# kenwood KAC-8105D



## pat_smith1969 (Feb 17, 2010)

The Specs..
Specifications: 
- RMS Power Rating:
4 ohms: 300 watts x 1 Ch
2 ohms: 500 watts x 1 Ch
- Max power output: 1000 watts x 1 channel
- MOSFET power supply
- LED power indicator
- Tuned Bass EQ (0-18 dB bass boost at 40 Hz)
- Speaker-level inputs with signal sensing for automatic turn-on
- Preamp RCA outputs
- Short circuit, DC offset, overload, and thermal protection circuitry
- Aluminum die cast heat sink
- Built-in cooling fan
- Gold-plated RCA level inputs
- Gold-plated screw terminals
- Variable low-pass filter (50-200 Hz, 24 dB/octave)
- CEA-2006 compliant amplifier
- Frequency response: 5-200 Hz
- Dimensions: 11-1/16"W x 2-3/8"H x 9-7/8"D 



Impressions...
Ok I have had this in my car now for about 6 months. It is pushing an SI BM MKIII wired at a 2 ohm load. I have it installed in an unfinished amp rack but all the wiring is done right with 2 gauge from the battery to the dist block then 4 gauge from the dist block to the amp. I crimpped a 4 gauge ring terminal. 

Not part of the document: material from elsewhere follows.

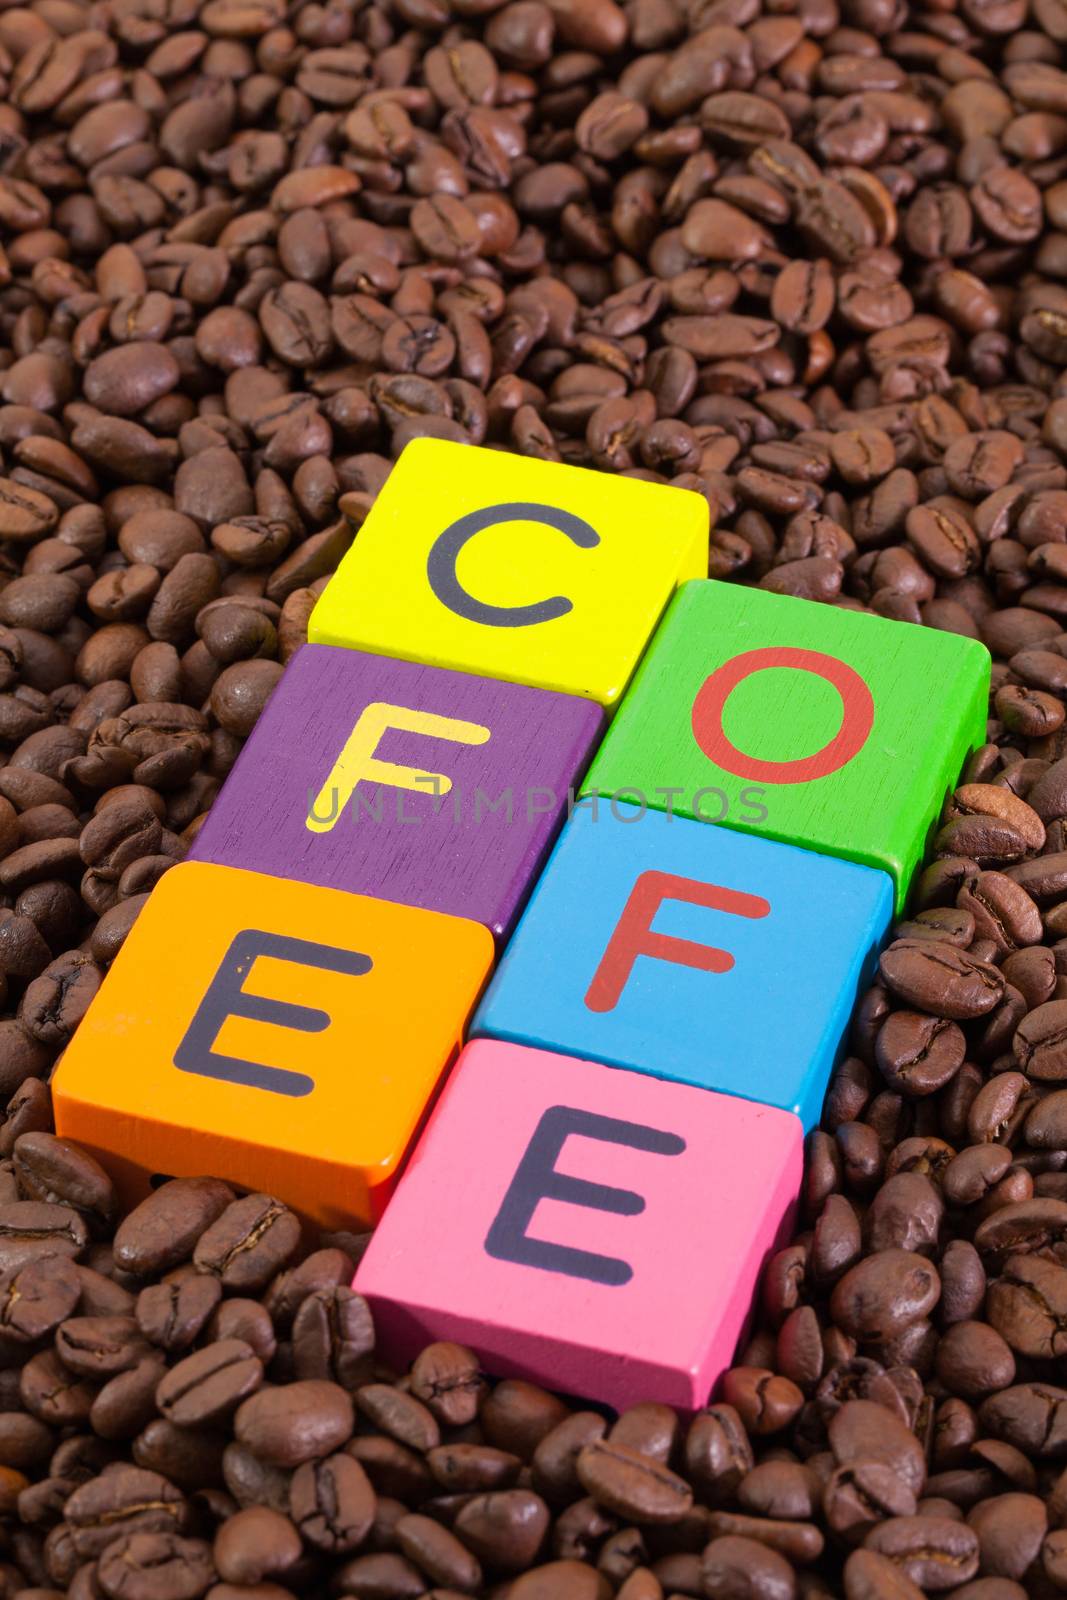 Colored children's cubes and coffee beans

First off it is a LIGHT amp for 500 watts. It has a fairly small footprint which is convenient. it has a nice look to it and the blue power light is nice. Overall impression however is that it is a moderately cheaply made amp, not real cheap but somewhat cheap.

Despite what the manufacturer states (they are flat out lying) this amp is NOT 2ohm stable. I measured the load at the amp and it bounced between 2.3 and 1.9 (typical as a speaker is playing). This amp was audibly clipping. At times the base line would get real boomy, ocasionally it owuld cut out. Sometimes it would be real loud and loose sounding other times it woudl get quiet. 

Power wise it seemed to be putting out the stated 500w at 2 ohms most of the time. I did not measure it but it got as loud as the replacement amp (memphis PR1.1000 loaded at the same 2 ohm putting out 500 watts) when it wasn't clipping. The bass lines were authoratative and the amp seemed to play as low as the music let it. 

I had a chance to listen to it in a friends vehicle while it was running at a 4 ohm load and it sounded good. 

The amp has absolutely NO noise in it. When I added it to my system (to an existing x4r) I maintained my complete silence between tracks, as well as at systme start up and shut off.

Over all I would say that this amp is good for a non demanding system where it can run at 4 ohms and put out it's 300 watts. If you need an amp that puts out 500 at 2 ohms, look elsewhere.


----------